To that end, Pachter rates EA stock as Outperform (i.e., Buy) while its $164 price target leaves room for 12-month gains of 25%. (To see Pachter’s track record, click here)

Looking at the consensus breakdown, based on 9 buy ratings vs. 4 holds, EA receives a Moderate Buy consensus rating. (See EA Stock Prediction on TipRanks)

fuboTV (FUBO)

Now let’s look at a stock that will benefit from the World Cup in a different way. FuboTV is a streaming platform mainly focused on sports.

In fact, the streaming service focused solely on soccer when it launched in 2015, but transitioned to an all-sports service in 2017 and later, by targeting the cable-cutting trend, morphed into a multi-channel virtual video programming distributor (vMVPD). Model that also offers non-sports programs. However, sport remains the main focus and depending on the region (the service is available in the US, Canada and Spain) subscribers can watch matches from the EPL, NBA, MLB, NFL, NHL, MLS, CPL as well as international football.

Those subscribers have grown each quarter, as they did in the third quarter. North American subscribers grew 31% year over year to a record 1,231,000, while international subscribers reached 358,000. All of this helped the company generate $225 million in revenue, which is higher than the $213 million expected on Wall Street.

Aside from continued growth, the problem for FUBO has been profitability — or lack thereof — a situation the company hopes to rectify by 2025. While the ongoing losses, along with other issues such as increased competition and the impact of inflation, worries Wedbush, analyst Michael Pachter believes the fact that FUBO boosted its revenue and subscriber outlook upon the release of its third-quarter metrics , an indication of how the company can advance because of the games.
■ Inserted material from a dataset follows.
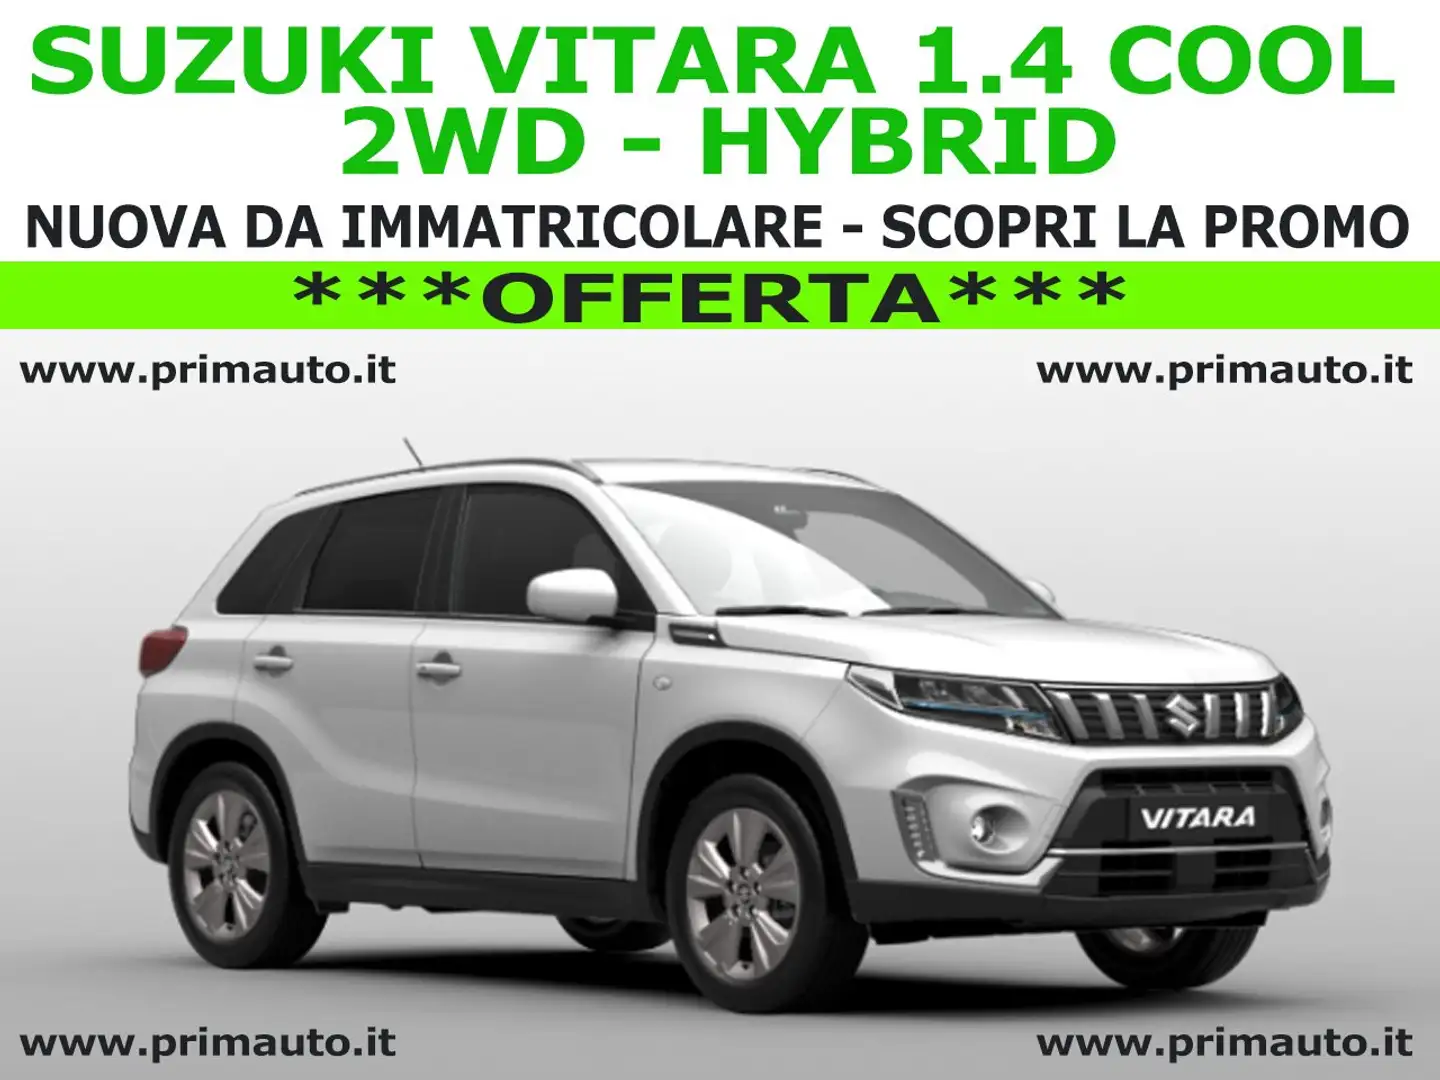 Suzuki Vitara 1.4 Hybrid Cool - OFFERTA - (#0424)...SCOPRILA! Bianco - 1

“We believe that management’s confidence in the fourth quarter is due in part to increased political advertising as well as expected subscriber growth driven by the upcoming World Cup, which fuboTV will broadcast exclusively in 4K,” stated Tenant. “Given the upside and downside risk, we believe the current share price offers a compelling entry point.”

To that end, Pachter has a Outperform (ie, Buy) rating on FUBO stock, supported by a $5 price target. There’s plenty of upside potential – 80% to be precise – should the target be met in the next 12 months.

Overall, the stock claims a Moderate Buy consensus view with 3 buy and hold ratings each. (See FUBO Stock Prediction on TipRanks)

For great stock trading ideas at attractive valuations, visit TipRanks’ Best Stocks to Buy, a newly launched tool that brings together all of TipRanks’ stock insights.

Disclaimer: The opinions expressed in this article are solely those of the featured analyst. The content is for informational purposes only. It is very important that you do your own analysis before making any investment.

The views and opinions expressed herein are the views and opinions of the author and do not necessarily reflect those of Nasdaq, Inc.